Hereby I am participating in The Film Experience's 'Hit Me With Your Best Shot' series. Nathaniel Rogers is probably my favorite blogger on the internet and I have enjoyed this series for a long time, so I thought I might as well take part in it. It's my first time, so keep that in mind. Enjoy.
I think it's an interesting debate, but it makes me a little sad that almost every time you bring up Chaplin or Keaton nowadays, the inevitable conversation about which one is better must take place. I personally like Keaton better. Something that began in me (as I think it did in many others) as a way of going against the masses that have established Chaplin as the more popular filmmaker.
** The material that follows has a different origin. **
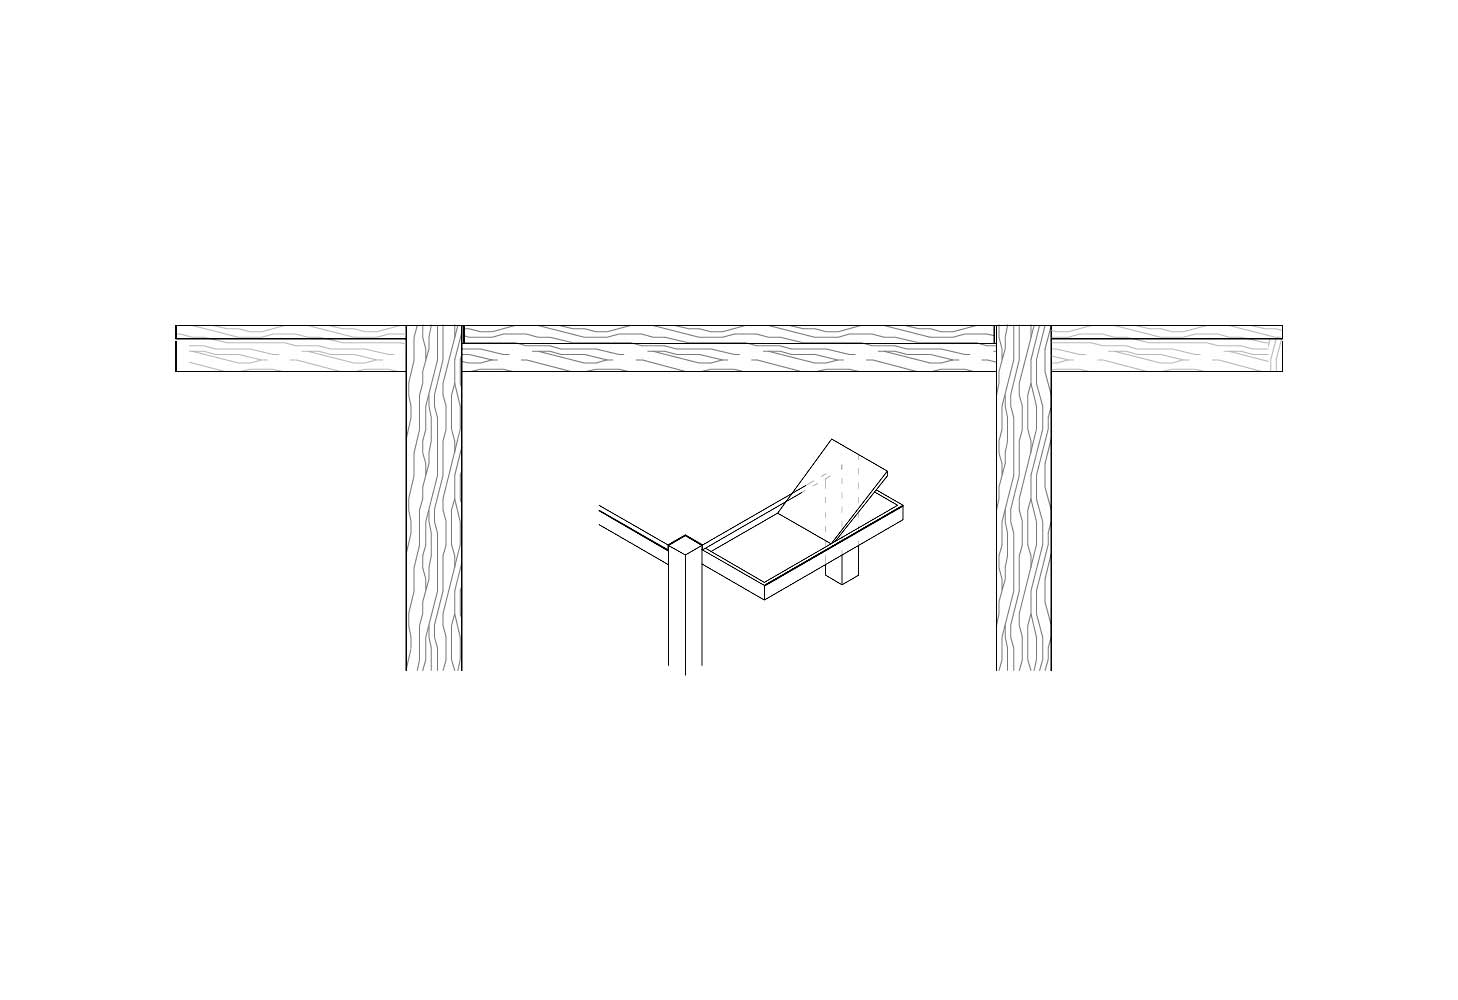 tavolo-quadrato-prolunghescomparsa-disegno
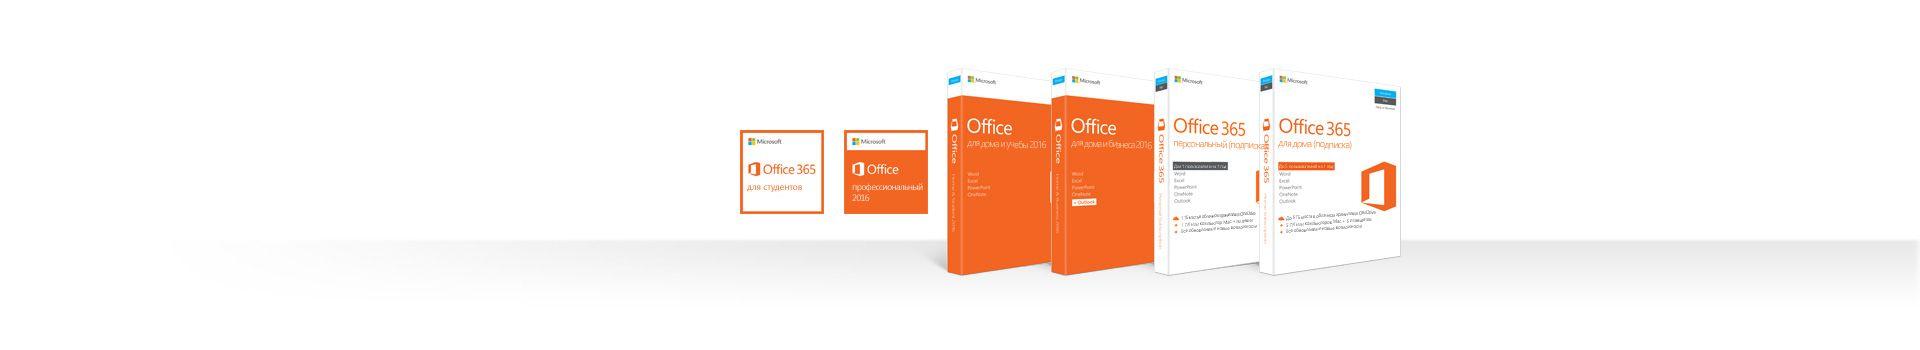 Расположенные в ряд коробки продуктов Office, предлагаемые в рамках подписки или в виде отдельных решений, для ПК с Windows

These days, however, knowing many more cinephiles than I did back when I was thirteen, I know that there is no such thing as an "underdog" in the battle between these two silent giants. The critical consensus probably favors Keaton now.
So, having grown up and matured a little, I have watched both Keaton's and Chapin's work in amore analytical and unbiased fashion and concluded that I loved them both, but Keaton's just better. I think 'The General' is right at the top of the best movies ever made (such a pity it didn't make Sight & Sound's top ten for this decade). Needless to say, re-watching 'Sherlock Jr.' was pure joy.
The 'HMWYBS' series is supposed to be about your favorite shot in a movie, but I couldn't help but go with a sequence that happens early on in the film and encapsulates one of the aspects that make me prefer Keaton. In the scene, our hero the film projectionist who dreams of being a detective (played by Buster Keaton) tries to impress the girl he's in love with by giving her a box of chocolates (of which he changes the price at the bottom of the box to say it cost 4 dollars instead of 1) and a ring with a minuscule stone.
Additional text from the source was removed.